I wrote here before about not knowing how else to help my little sister from her feeling alone in school.

She is 12 and lost her dad about a year ago. He was in jail for 4 years prior to that.

For most of those years she’s been in such a hurtful and negative place.

and after her dad died, it’s progressively getting worse.

She doesn’t have friends at school. She hates going to school. She brings all that home with her as well. She doesn’t want to do her homework.

We’ve taken her computer away and have taken her cell phone away a number of times.

She goes through major mood swings.When she is getting ready for school she gives my mother a hard time and makes very mean remarks. She blames everyone for what is happening to her.

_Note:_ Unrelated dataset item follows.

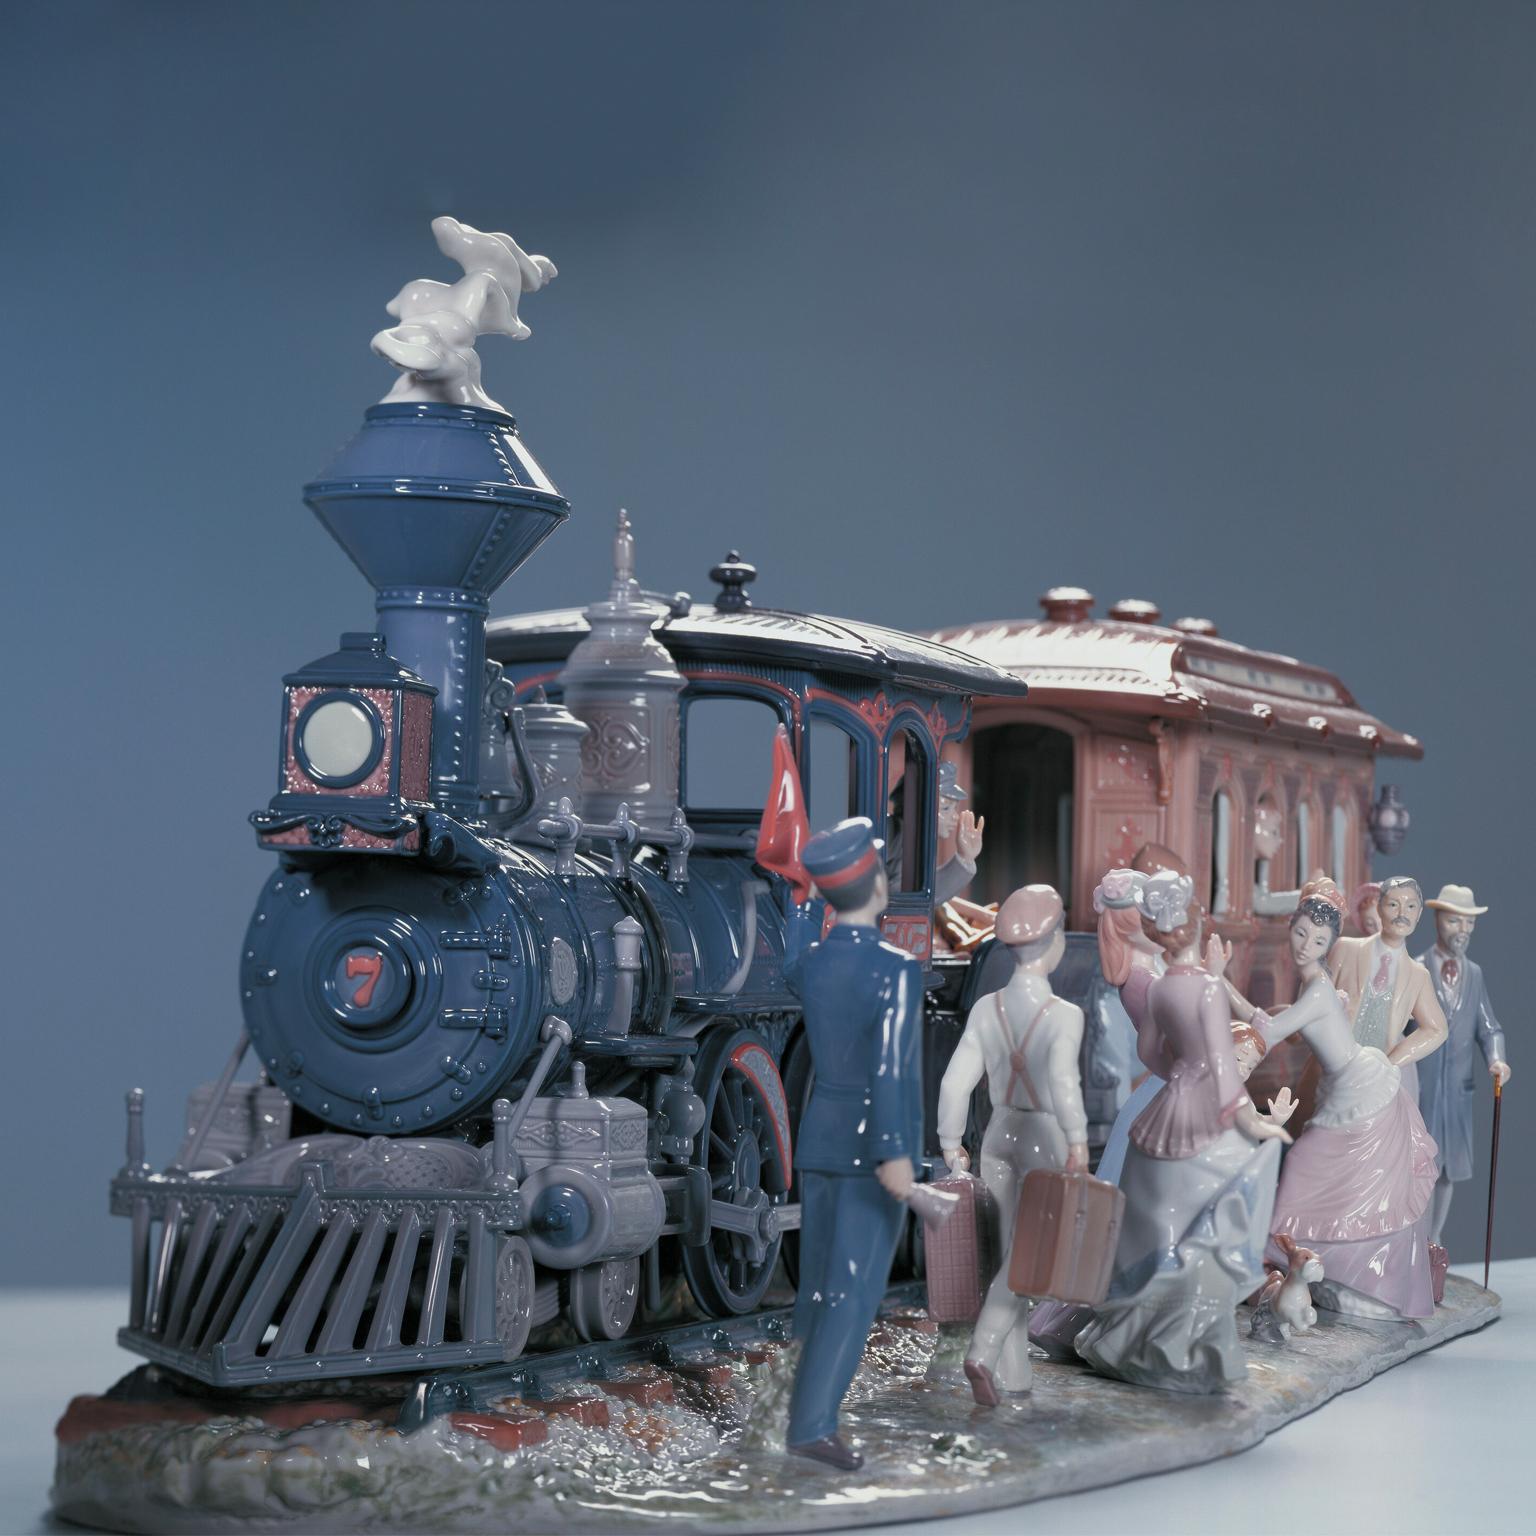 Limited edition steam locomotive with wagon and figures holding handmade umbrellas in gloss finish porcelain.
All on board! The whistle blows and the passengers are ready to embark on a exciting adventure. It is demanding challenge for the Lladró

I’ve had multiple talks with her about how she is responsible for how she thinks and feels. She can think differently about everything and that it’s up to her to go outside of her comfort zone and make friends.

That she is causing her own pain and that it doesn’t have to be that way.

That we are here for her and we love her.

That this process isn’t east but she is strong enough to get through it.

Now she is saying things to my mom like “You’re stupid and I wish you would have died instead”.

I have no idea how to help anyone.

I know there’s only so much I can say or do.

She brings these things to my attention and I feel this huge responsibility to help them find peace. but i know it’s up to them.

My mom is doing the best she can but she also takes all of this and turns into a victim herself.

I know it’s all their thinking causing them pain.

but I struggle with watching all of this happen.

I know I am also causing my own pain but I live here with them so I feel like I can’t look away either.